SushiSwap’s governance contracts are largely a fork of Yam governance, themselves a fork of Compound. Looking at the Github source code of SushiSwap however, it appears that the token’s smart contract only modified the “mint” function from the standard implementation of ERC-20 contracts by OpenZeppelin. Yam, on the other hand, used a specific implementation of the standard that has a “moveDelegates” function called upon transferring.
In a conversation with Cointelegraph, FTX CEO and now lead for SushiSwap Sam Bankman-Fried confirmed the existence of the bug. He noted that “it doesn’t pose an immediate problem for Sushi” as governance hasn’t yet been activated.
Catching the bug before live release means that the team can now work on solutions to fix it. Bankman-Fried believes that the issue should be fixable without having to migrate the project to new contracts, but the team is “still looking into it.”

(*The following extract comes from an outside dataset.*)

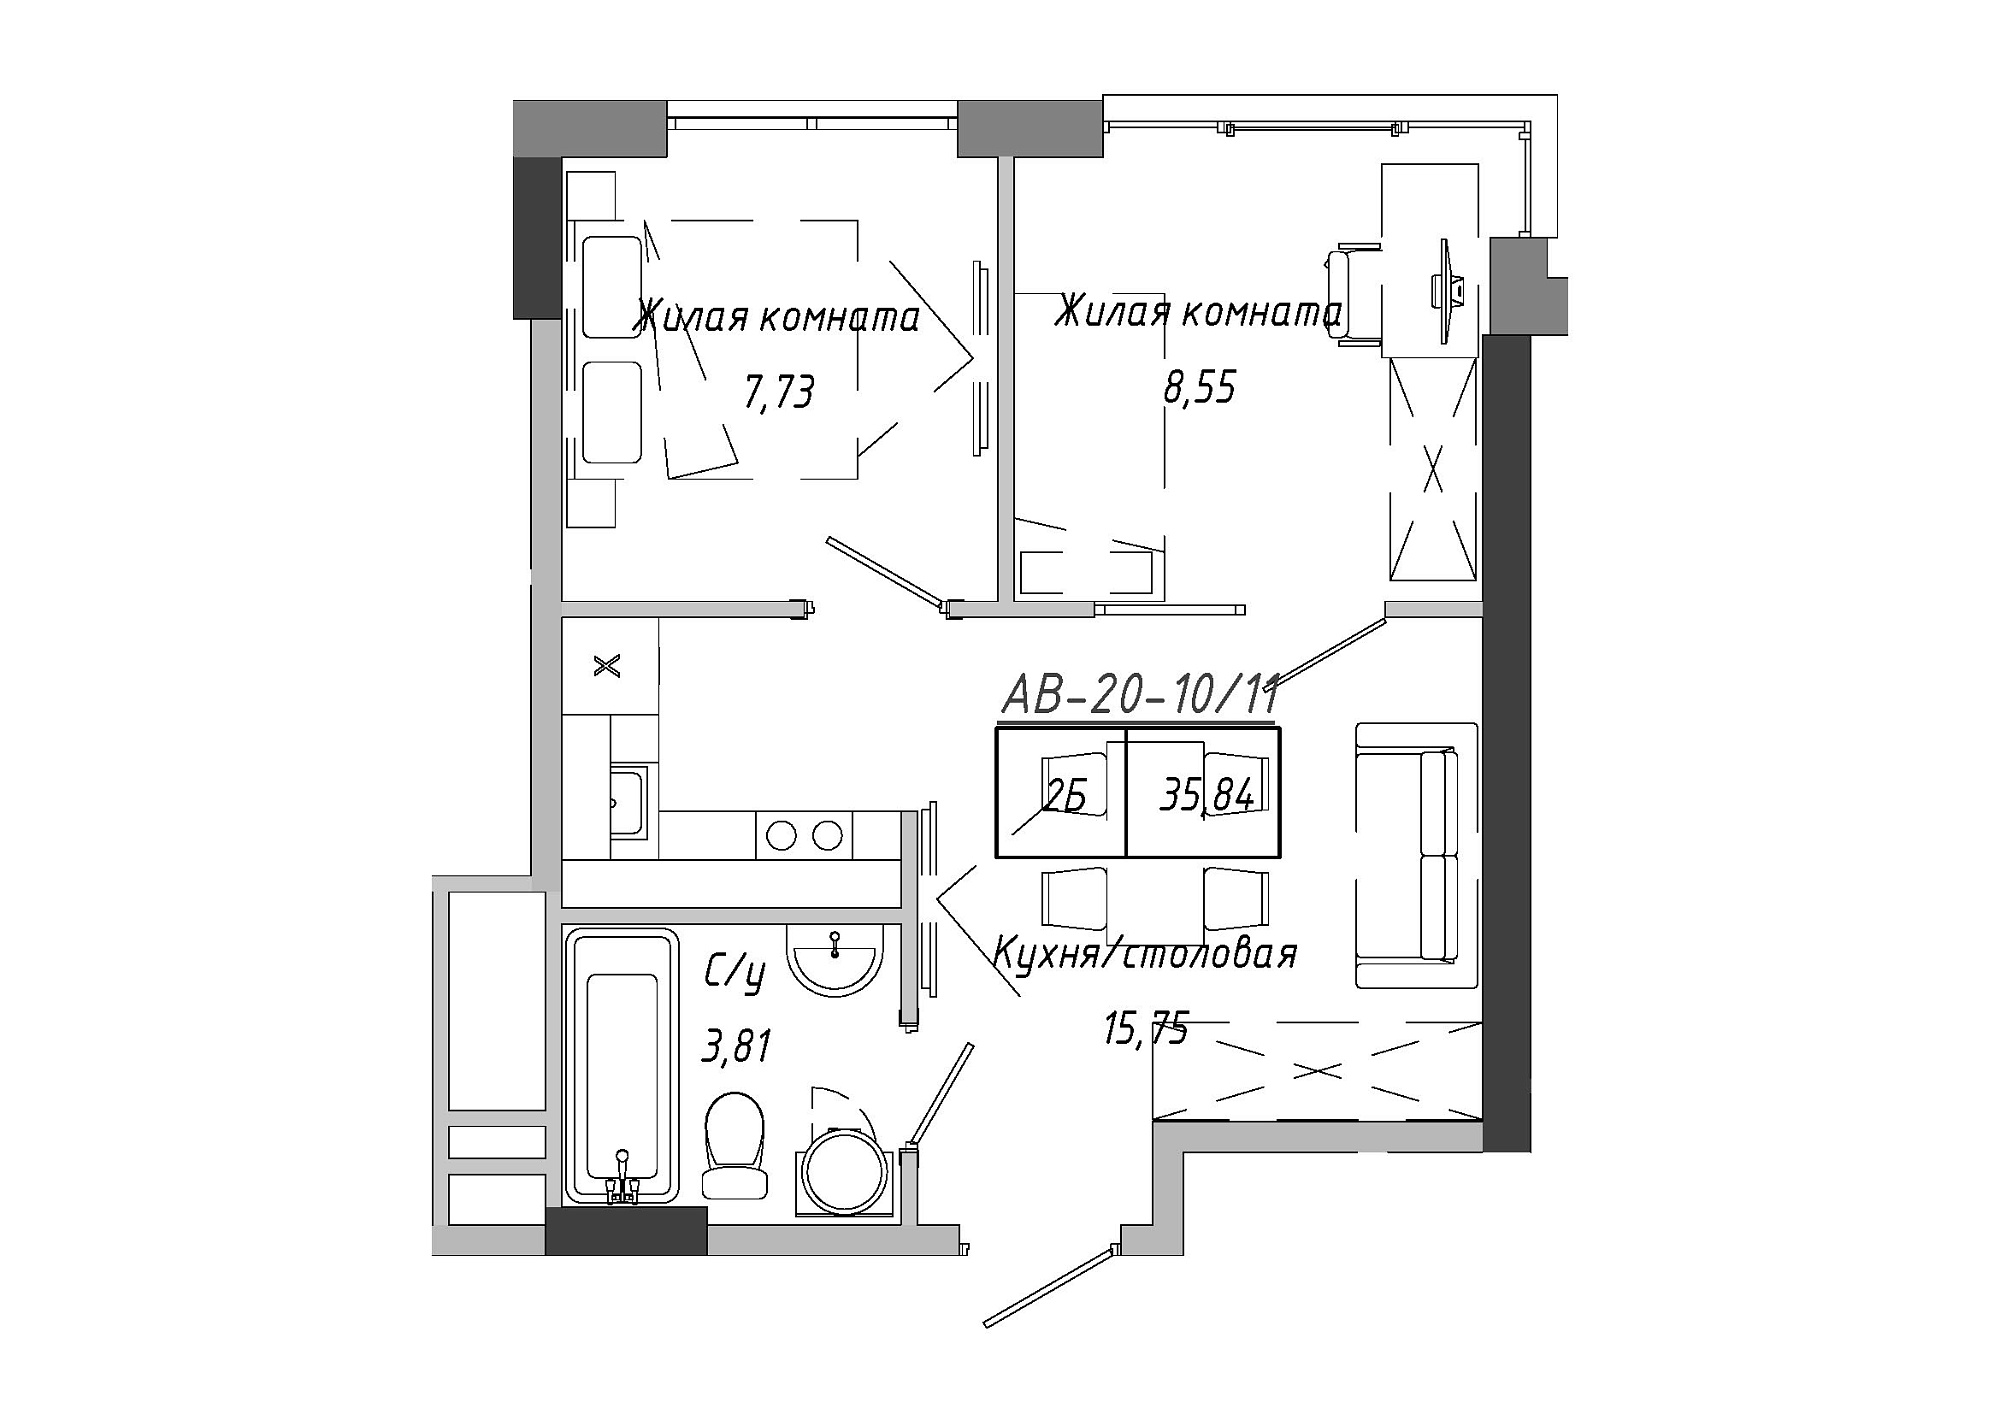 Планування 2-к квартира площею 36.12м2, AB-20-10/00011.

It is interesting to note that SushiSwap was hastily reviewed and audited by multiple firms as the project blew up in popularity. While one of the issues involves the same “moveDelegates” function at play here, it appears to be a different type of bug. It wouldn’t be the first time that audits fail to catch some issues, highlighting the need for the entire development community to pitch in to keep DeFi smart contracts secure.
The project is currently in a precarious state as its intended liquidity migration from Uniswap was predicated on successful audits by established security firms, in addition to the trust in the project’s anonymous founder.
A Compound proposal could put a major dent in the profits for all yield farmers.
A new Compound governance proposal from Gauntlet founder Tarun Chitra would see all future COMP token distributions locked in a vesting schedule.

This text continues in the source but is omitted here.